A prenuptial agreement is an agreement/contract entered into by two parties before marriage.
A prenuptial agreement is generally used to predetermine how assets will be divided if the marriage does not work out and the parties get divorced.
Upon marriage, a spouse usually has the following rights, unless a prenuptial agreement states differently:
- The right to share in the ownership of property acquired during marriage, with the expectation that this property will be divided in a just and equitable manner in the event of divorce.
- The right to incur debts during the marriage with the expectation that the other spouse may be required to be at least partially responsible for the payment of in the event of divorce, and
- The right to share in the control of any community property, including the right to sell it or give it away.
- A prenup lets you decide before the marriage even takes place how your property and debts should be handled both during the marriage and, if things don’t work out, upon divorce.
Who Needs a Prenuptial Agreement?
If a party has significant assets coming into the marriage, a prenuptial agreement is something that should at least be considered. However, this is not the only reason a prenuptial agreement may be important for you. A lot of times the need for a prenuptial agreement has more to do with the unequal amounts of money each party may have at that time of their marriage rather than the overall value of the assets. If one party makes significantly more than the other party or if one party has significantly more assets than the other, it is important to consider a prenuptial agreement.
It is important to note, that Texas is a community property state which means that under Texas law it is assumed when divorcing that everything the parties own at the time of divorce is part of the community estate.
If no prenuptial agreement has been signed, and a party files for divorce and claims that certain assets or accounts are separate property rather than community property, it is the burden of the party claiming separate property to prove that such property is in fact separate property and not community property. This may require the party to hire one or more tracing experts to prove the claim of separate property. This can be an expensive and laborious undertaking; possibly much more so than the cost of a prenuptial agreement.
A prenuptial agreement not only protects those assets that are in existence at the time of marriage, it can also protect future assets.
For example, if you have a 401(k) retirement account you can agree, through a prenuptial agreement, that any funds added to the account during marriage shall remain separate property funds. This is the same with any type of financial accounts. You can agree through a prenuptial agreement that any funds added to your investment accounts or other financial accounts shall remain your separate property funds.

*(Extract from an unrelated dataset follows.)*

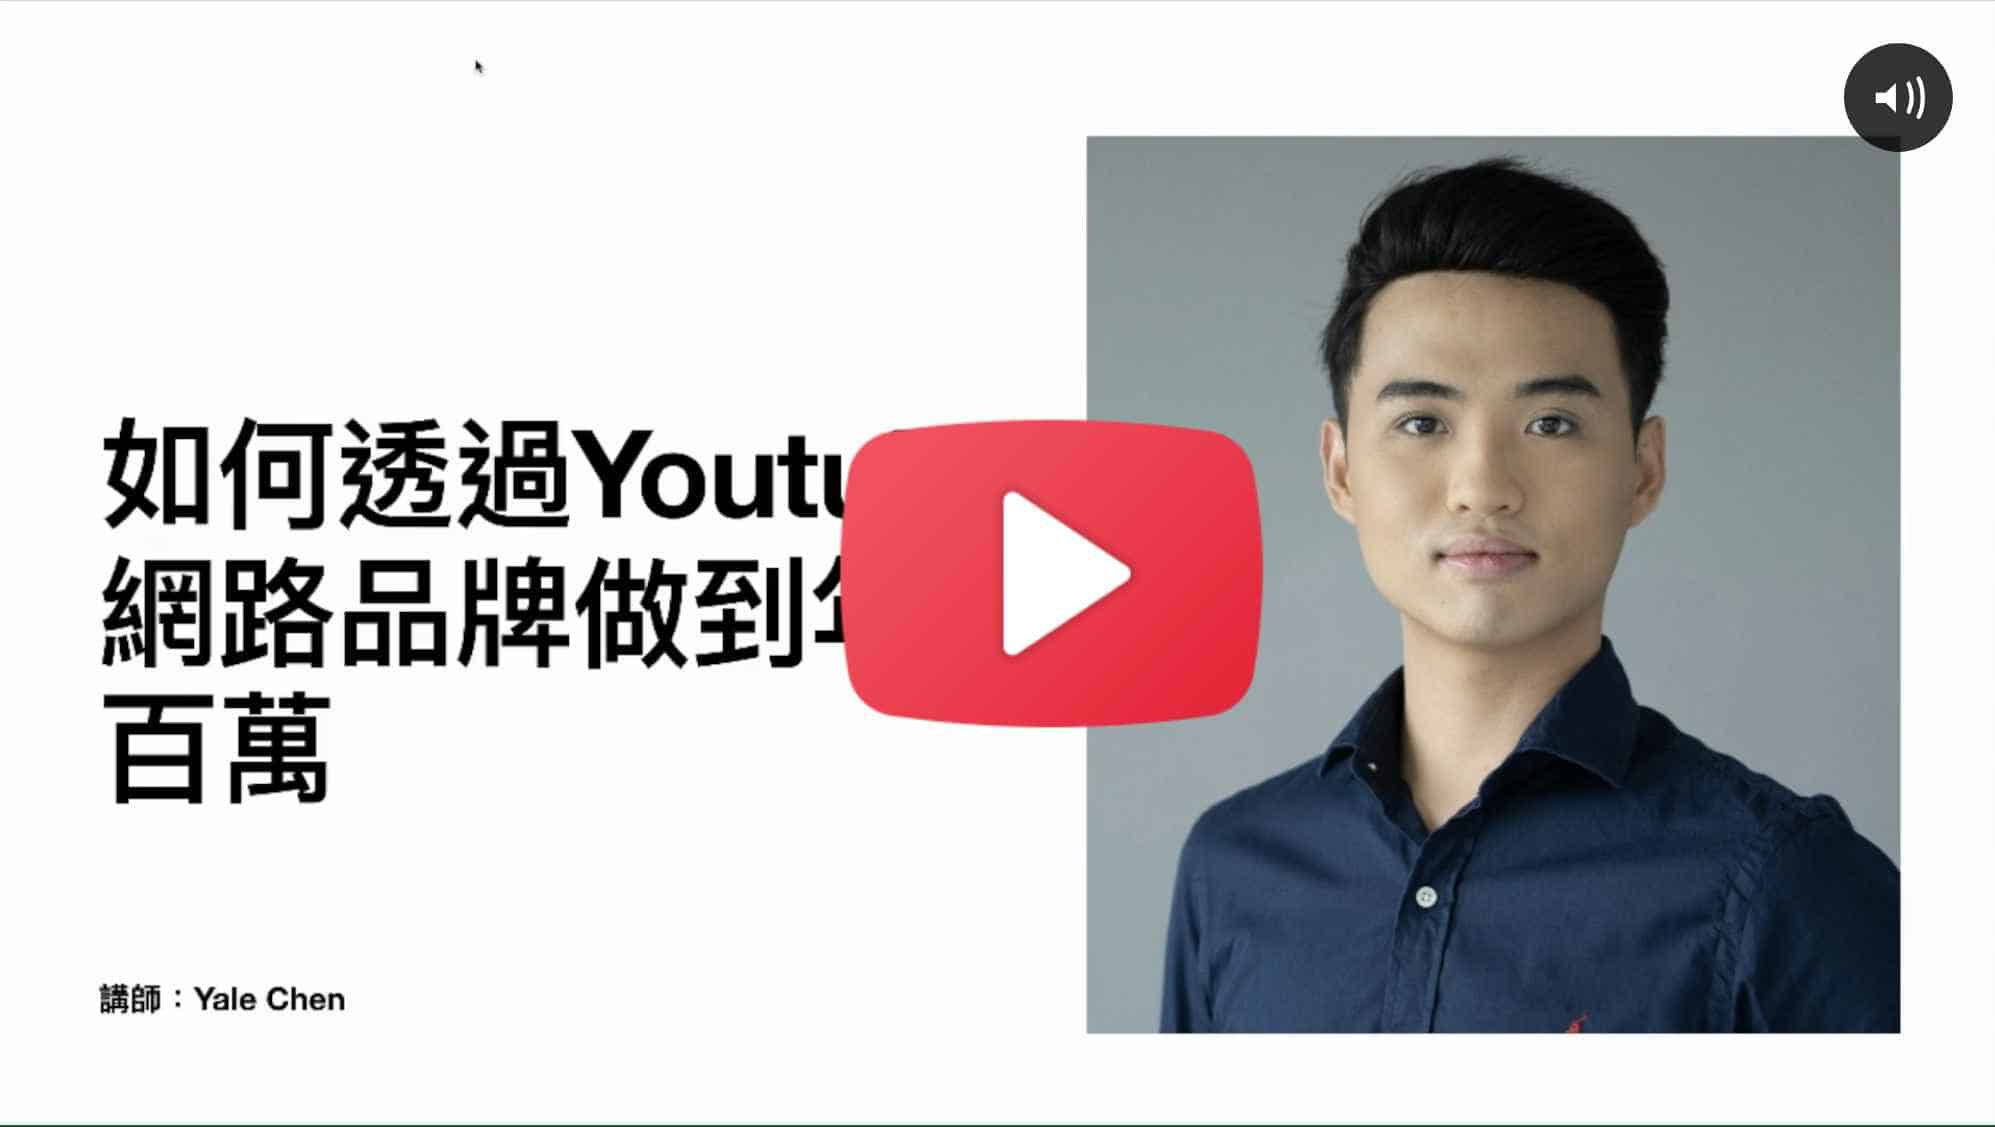 yale chen 百萬課程免費影片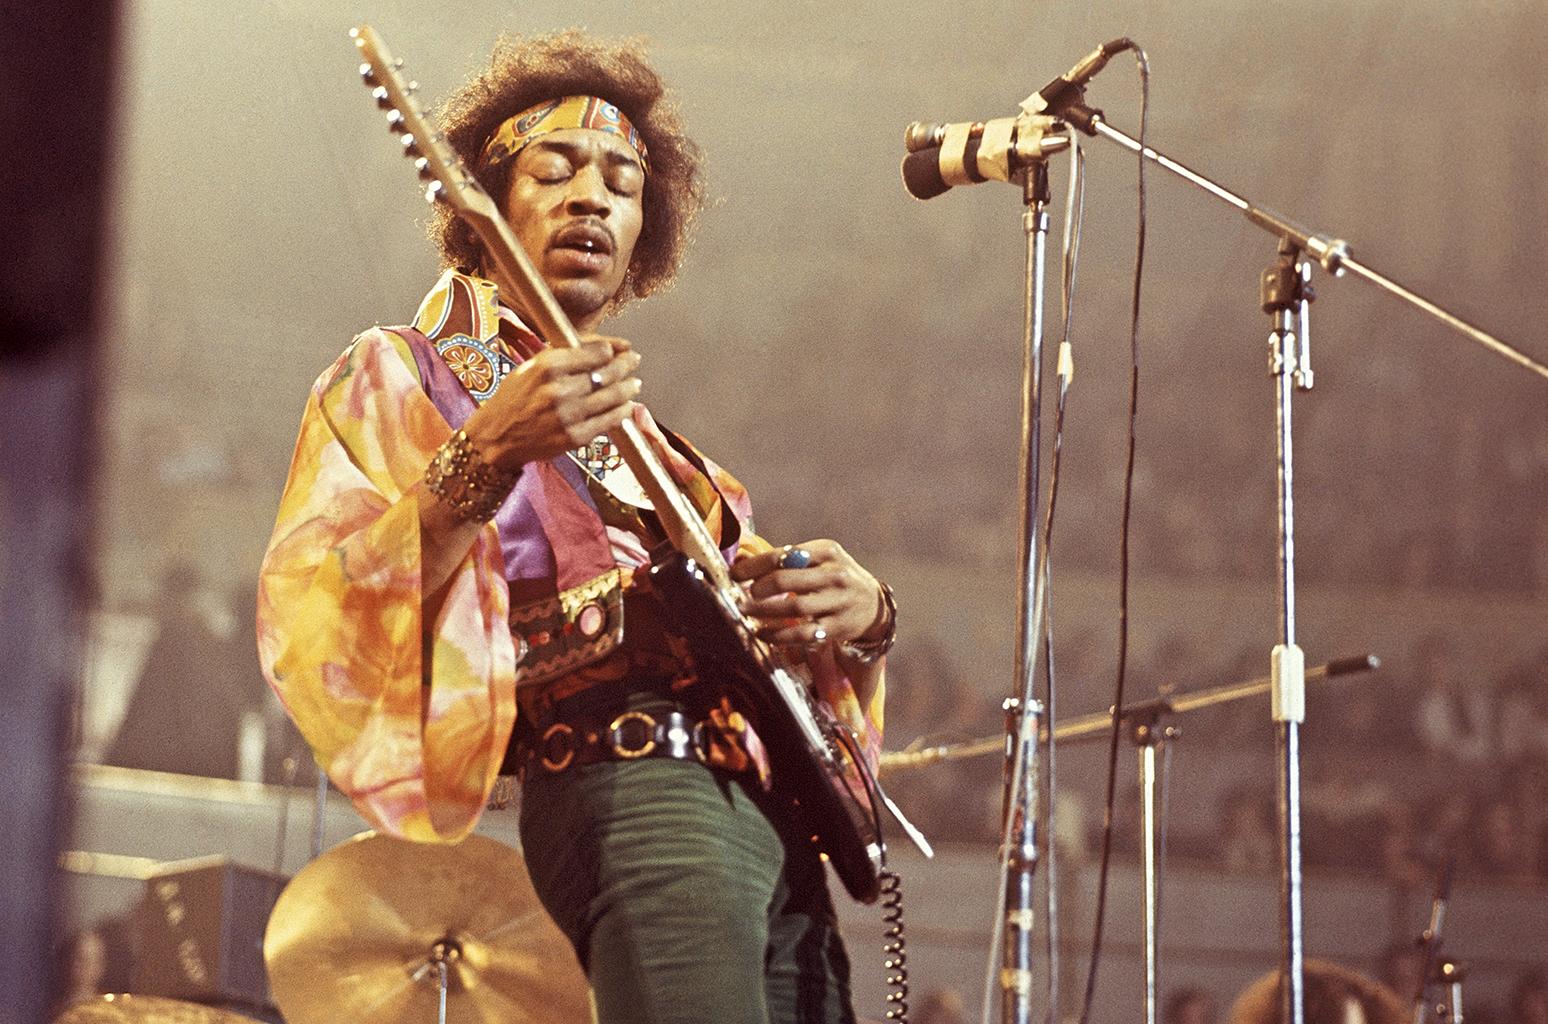 Jimi Hendrix performing at the Royal Albert Hall, London, on February 24, 1969.

A prenuptial agreement can also protect each party from the debts that may be incurred by the other party during marriage. You can each agree that whatever debts are incurred by a party during marriage shall be their debts if divorced.
What a Prenuptial Agreement Can Not Do
A prenuptial agreement cannot predetermine the custody of your children or who or how much child support will or will not be paid.
What is a Postnuptial Agreement?
If the couple does sign a prenuptial agreement before marriage, they can sign a postnuptial agreement after marriage. A postnuptial agreement will cover the same rights and obligations as a prenuptial agreement. The main difference between a prenuptial agreement and a postnuptial agreement is that a prenuptial agreement is created and signed by the parties before they get married and a postnuptial agreement is created and signed by the parties after they get married.